Simply click the Jupyter button "Run All," and the code will automatically execute the model's environment installation and operation, perform automatic inference, and demonstrate how to train the model (refer to "III. Running GraphCast from a New Environment" - "5. Run GraphCast"). Depending on the machine, executing all the code may take several minutes to a dozen minutes.
The translated and debugged official *Jupyter* example is as follows:
*Running GraphCast from Scratch (AutoDL or other new environments) [Jupyter Example]*
All files can be found at https://github.com/sfsun67/GraphCast-from-Ground-Zero.

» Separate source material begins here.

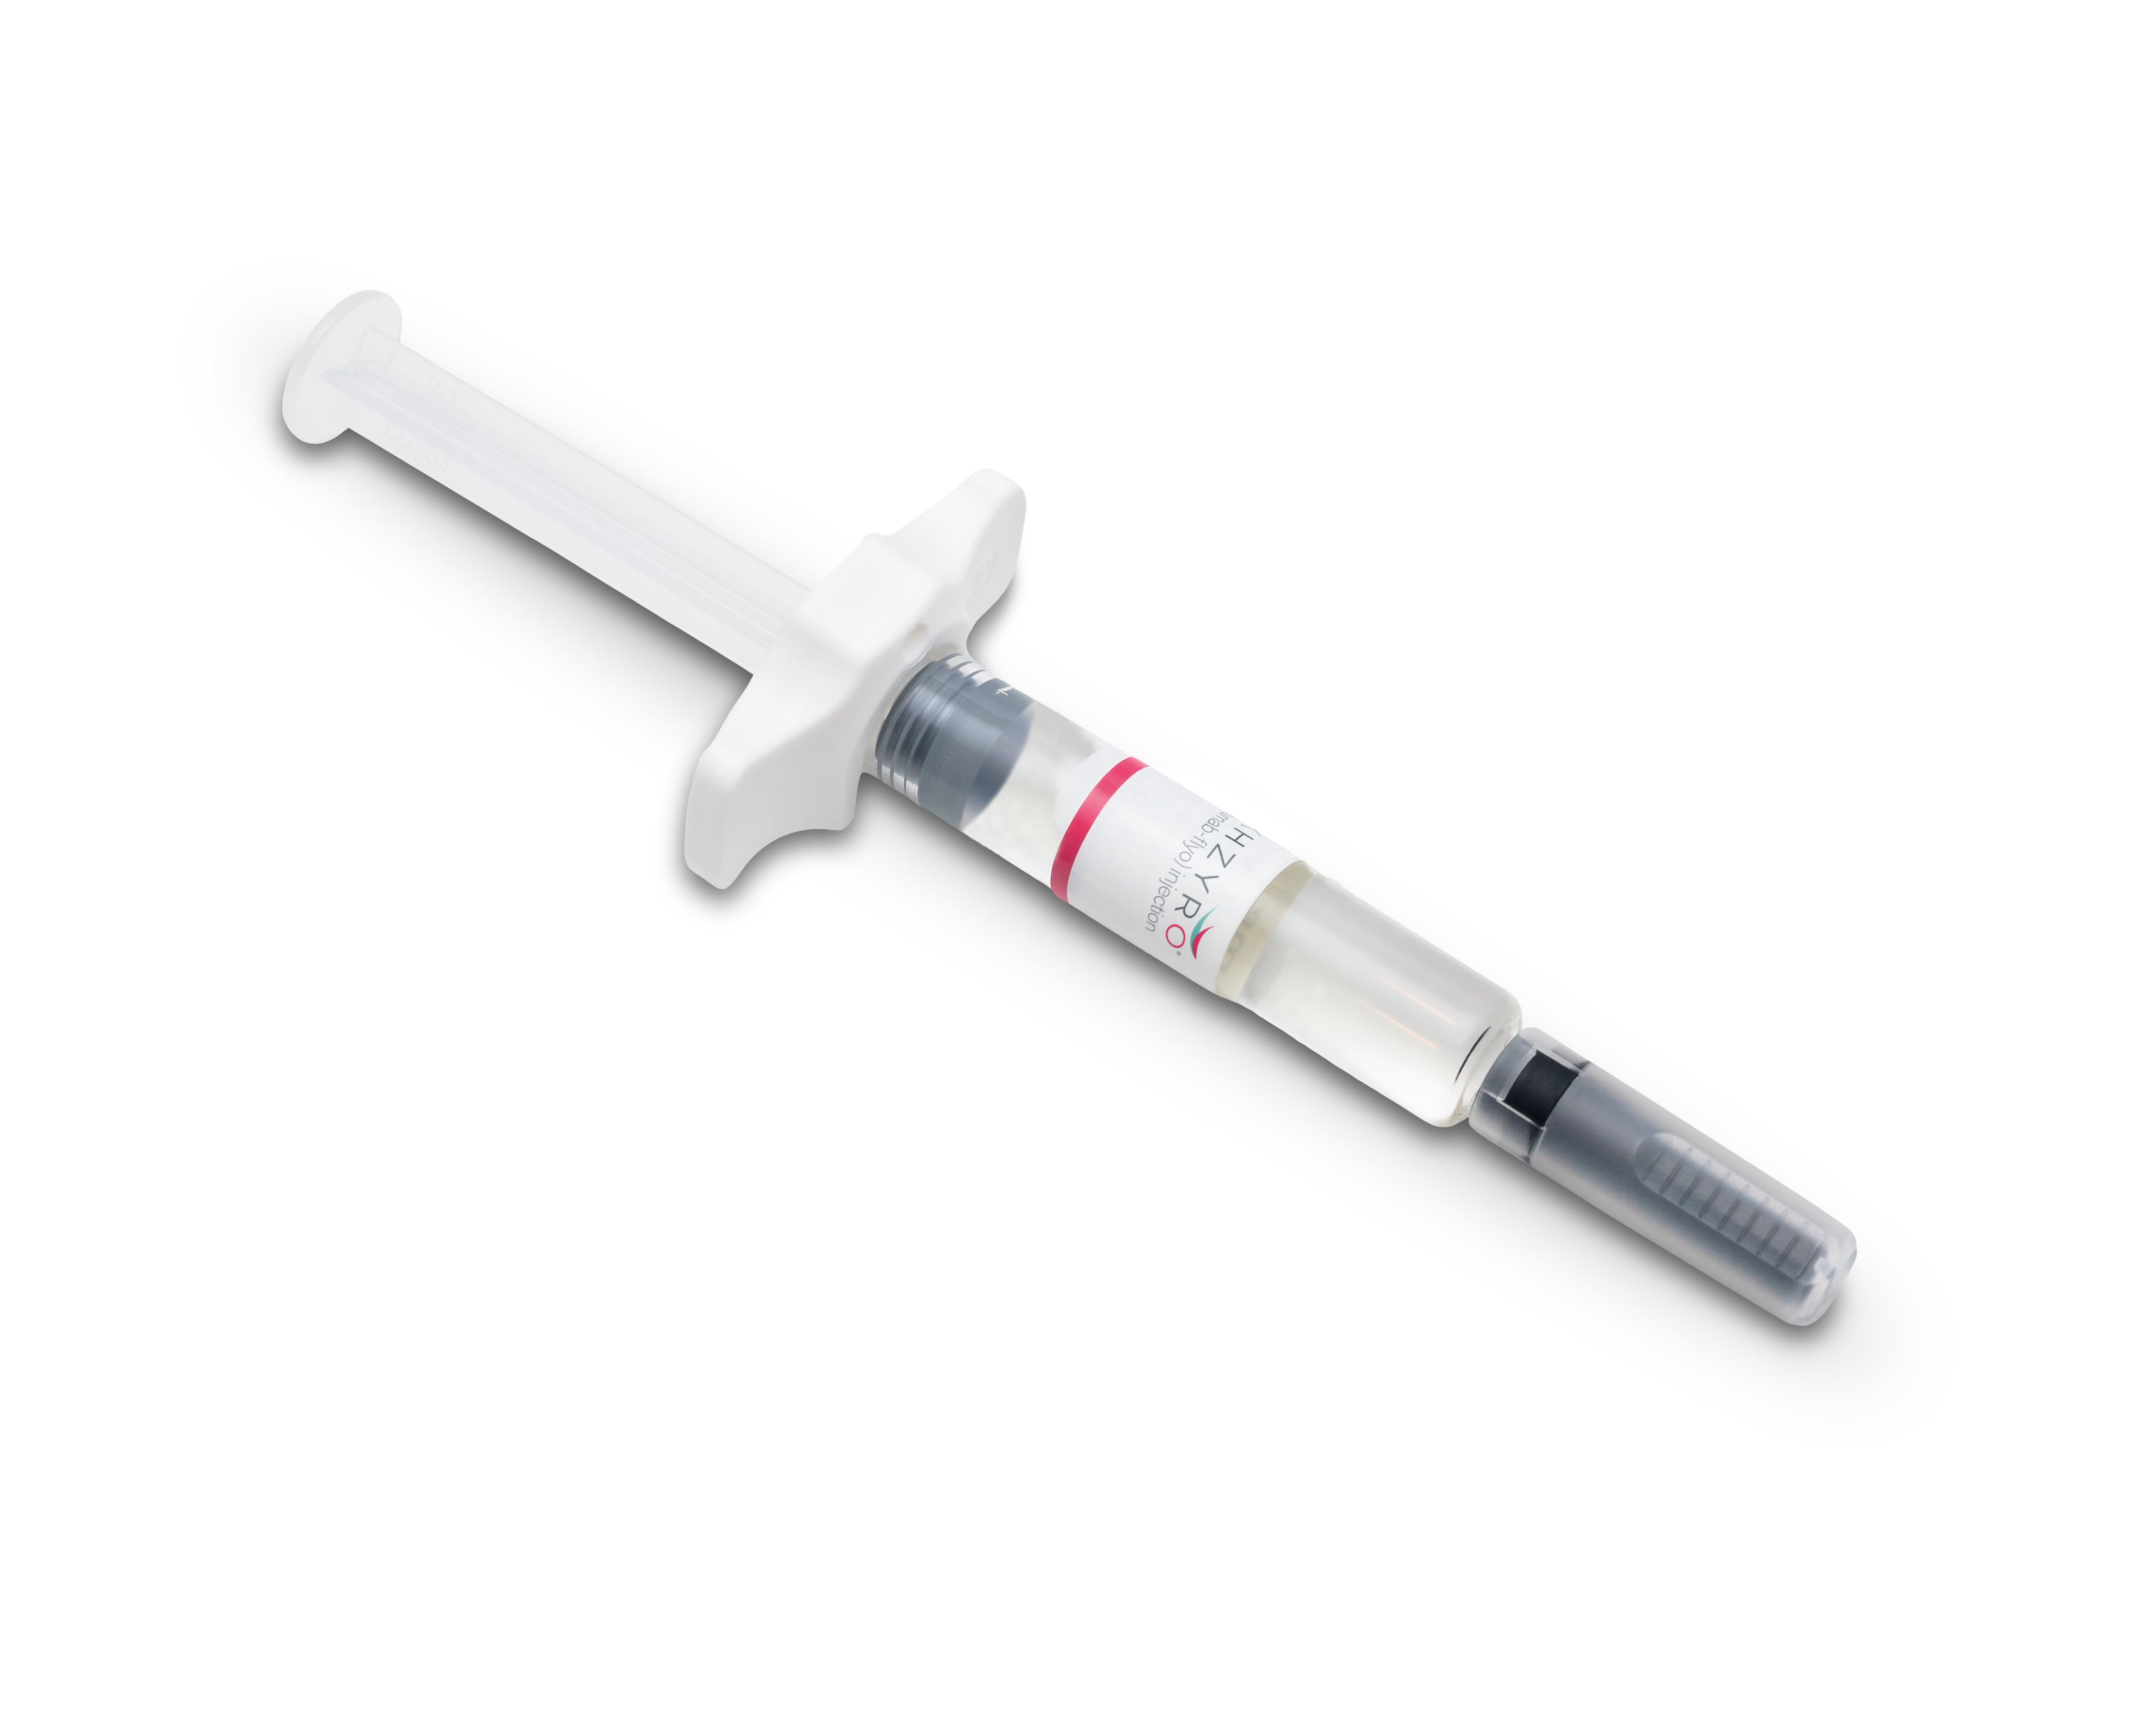 TAKHZYRO (lanadelumab-flyo) 300 mg/ml One(1) single-dose prefilled syringe 2 mL (47783646-01) 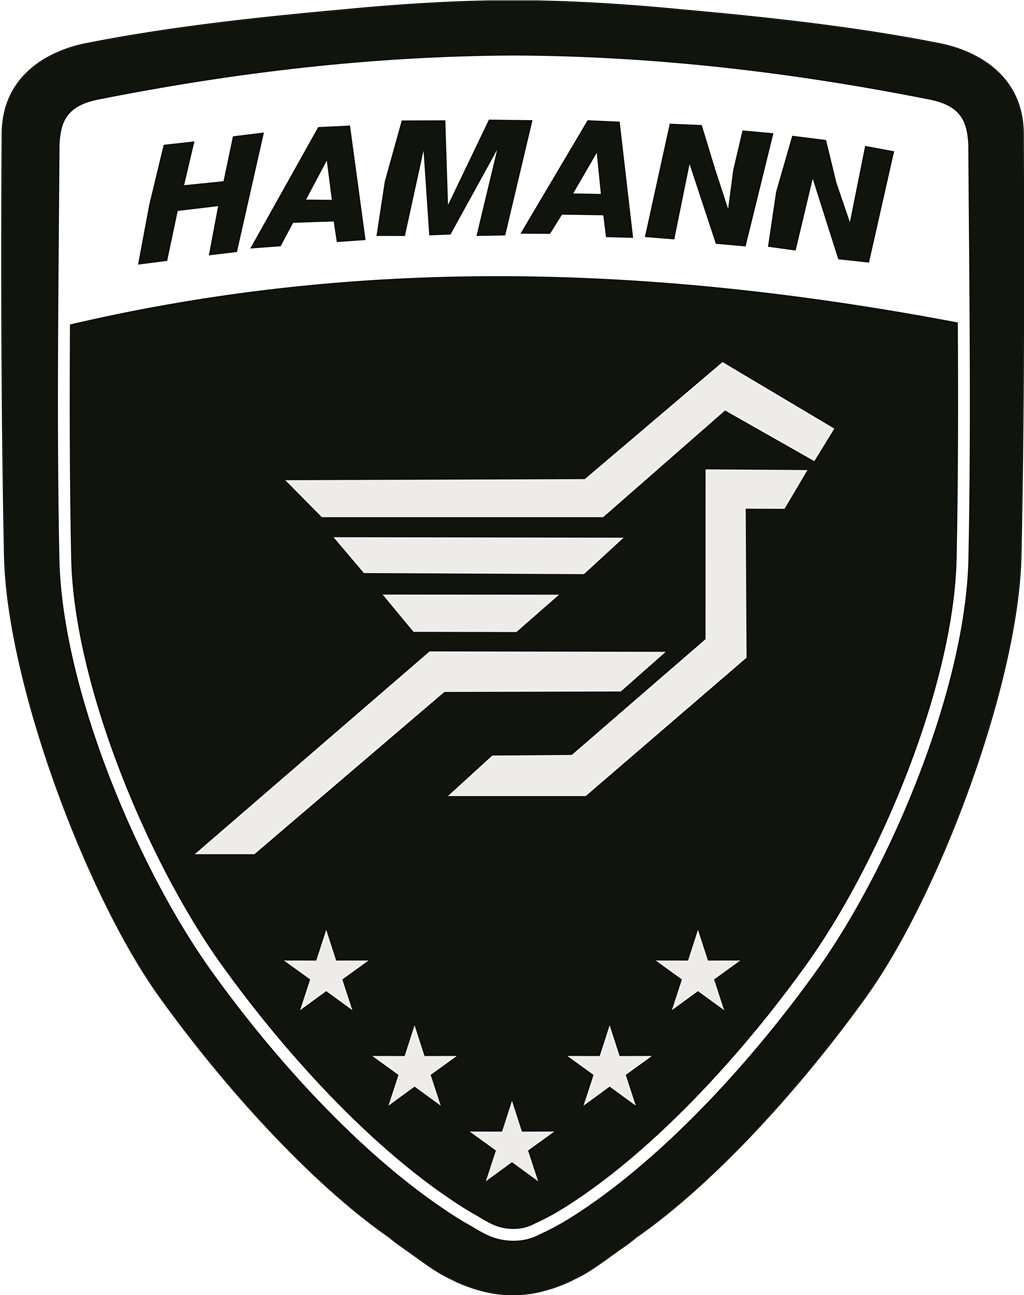 Hamann logotype, transparent .png, medium, large

GraphCast is a weather forecasting system based on machine learning and Graph Neural Networks (GNN). The system has been tested by meteorological agencies, including the European Centre for Medium-Range Weather Forecasts (ECMWF). It is an advanced artificial intelligence model capable of mid-term weather forecasting with unprecedented accuracy. GraphCast can forecast weather conditions up to 10 days in advance, more accurate and faster than the industry's gold standard weather simulation system - High-Resolution Forecast (HRES) produced by the ECMWF.
This model ingeniously uses recursively regular icosahedra for six iterations, generating polyhedra that replace the original Earth latitude and longitude network. Under the same resolution conditions, the number of graph model nodes decreases from one million (1,038,240) to 40,000 (40,962). This allows the model to learn complex data with large-scale multi-features under the GNN framework.
Figure 1: Model Structure
In addition to weather forecasting, GraphCast can open up new directions for other important geographical spatiotemporal forecasting problems, including climate and ecology, energy, agriculture, human and biological activities, and other complex dynamic systems. A learning simulator trained on rich real-world data will play a crucial role in advancing the role of machine learning in physical sciences.
Register at AdtoDL.
Choose the graphics card you need. Here, the RTX3090 graphics card is tested. Click "1 Card for Rent" to enter the next interface.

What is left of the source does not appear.